With these settings we’re able successfully symbolically execute until reaching the line:

balanceOf[dst] = add(balanceOf[dst], pie);

where we suddenly fail again with VMFailure: UnexpectedSymbolicArg, because we end up doing an SLOAD from a symbolic location, which is not possible with --storage-model ConcreteS.

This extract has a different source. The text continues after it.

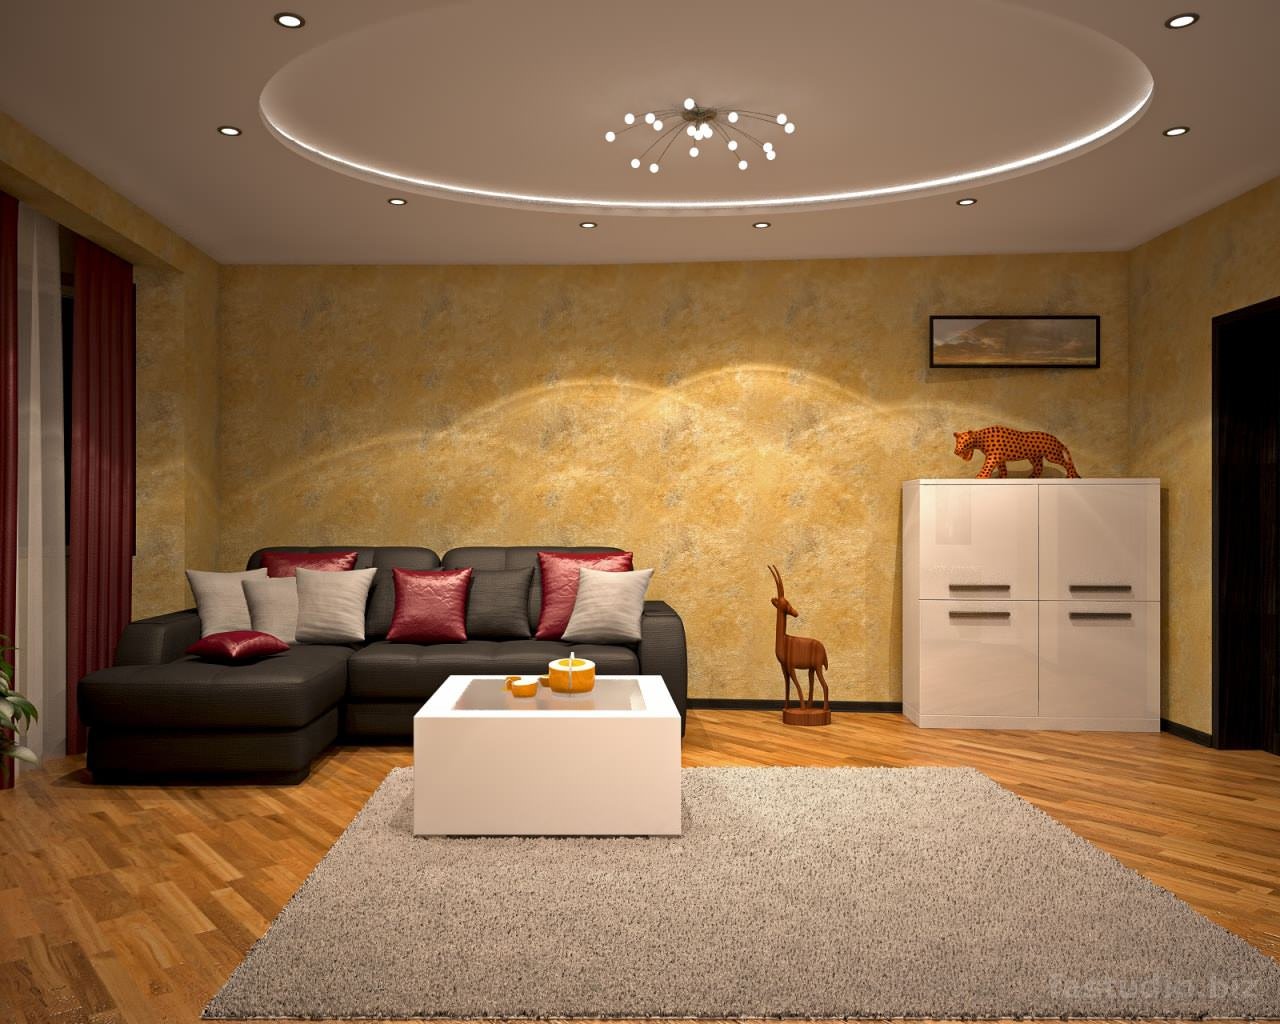 Современные потолки в квартирах - варианты, фото

With our current set up, it turns out we must use concrete arguments for dst and msg.sender in order to avoid reading from symbolic storage locations. We can instantiate these arguments to some concrete value, for example one of Vitalik’s addresses, 0xAb5801a7D398351b8bE11C439e05C5B3259aeC9B:

hevm symbolic --address 0x06af07097c9eeb7fd685c692751d5c66db49c215 --sig 'join(address,uint256)' --arg 0xAb5801a7D398351b8bE11C439e05C5B3259aeC9B --caller 0xAb5801a7D398351b8bE11C439e05C5B3259aeC9B --rpc https://mainnet.infura.io/v3/$INFURA_API_KEY --debug --json-file chaisrc.json --storage-model ConcreteS --smttimeout 5000

Automatic test case generation

As we have seen, symbolic execution can be an insightful tool for analysing smart contracts, even in the absence of a specification, or asserts in the code. By exploring the possible execution paths of a program, we can see the full range of behaviour of a smart contract, which can lead us to discover unexpected edge cases or dead code. It can also be used for generating test cases. If we pass the flag --get-models to the invocation of hevm symbolic, it will give us example input data for each path explored. To look at a simple example, consider the WETH contract at 0xc02aaa39b223fe8d0a0e5c4f27ead9083c756cc2. An easy way to fetch its code is via seth code 0xc02aaa39b223fe8d0a0e5c4f27ead9083c756cc2:

hevm symbolic --code $(seth code 0xC02aaA39b223FE8D0A0e5C4F27eAD9083C756Cc2) --sig "transfer(address,uint)" --get-models
checking postcondition...
Q.E.D.
Explored: 3 branches without assertion violations
-- Branch (1/3) --
Calldata:
0xa9059cbb00000000000000000000000000000000000000000000000000000000000000000000000000000000000000000000000000000000000000000000000000000000
transfer(0x0000000000000000000000000000000000000000,0)
Caller:
0
Callvalue:
115792089237316195423570985008687907853269984665640564039457584007913129639935
Reverted
-- Branch (2/3) --
Calldata:
0xa9059cbb00000000000000000000000000000000000000000000000000000000000000000000000000000000000000000000000000000000000000000000000000000001
transfer(0x0000000000000000000000000000000000000000,1)
Caller:
0
Callvalue:
0
Reverted
-- Branch (3/3) --
Calldata:
0xa9059cbb00000000000000000000000000000000000000000000000000000000000000000000000000000000000000000000000000000000000000000000000000000000
transfer(0x0000000000000000000000000000000000000000,0)
Caller:
0
Callvalue:
0
Returned: 0x0000000000000000000000000000000000000000000000000000000000000001

We find that a call to WETH.transfer can end in three different ways, the last of which being a successful execution ending in return true. The first branch has nonzero callvalue, which ends up in a REVERT because transfer is not marked as payable. What about the second branch? Unfortunately, we can’t see what storage looks like, but in this case we can guess that the problem is that we have insufficient balance. Printing storage will come in a later release!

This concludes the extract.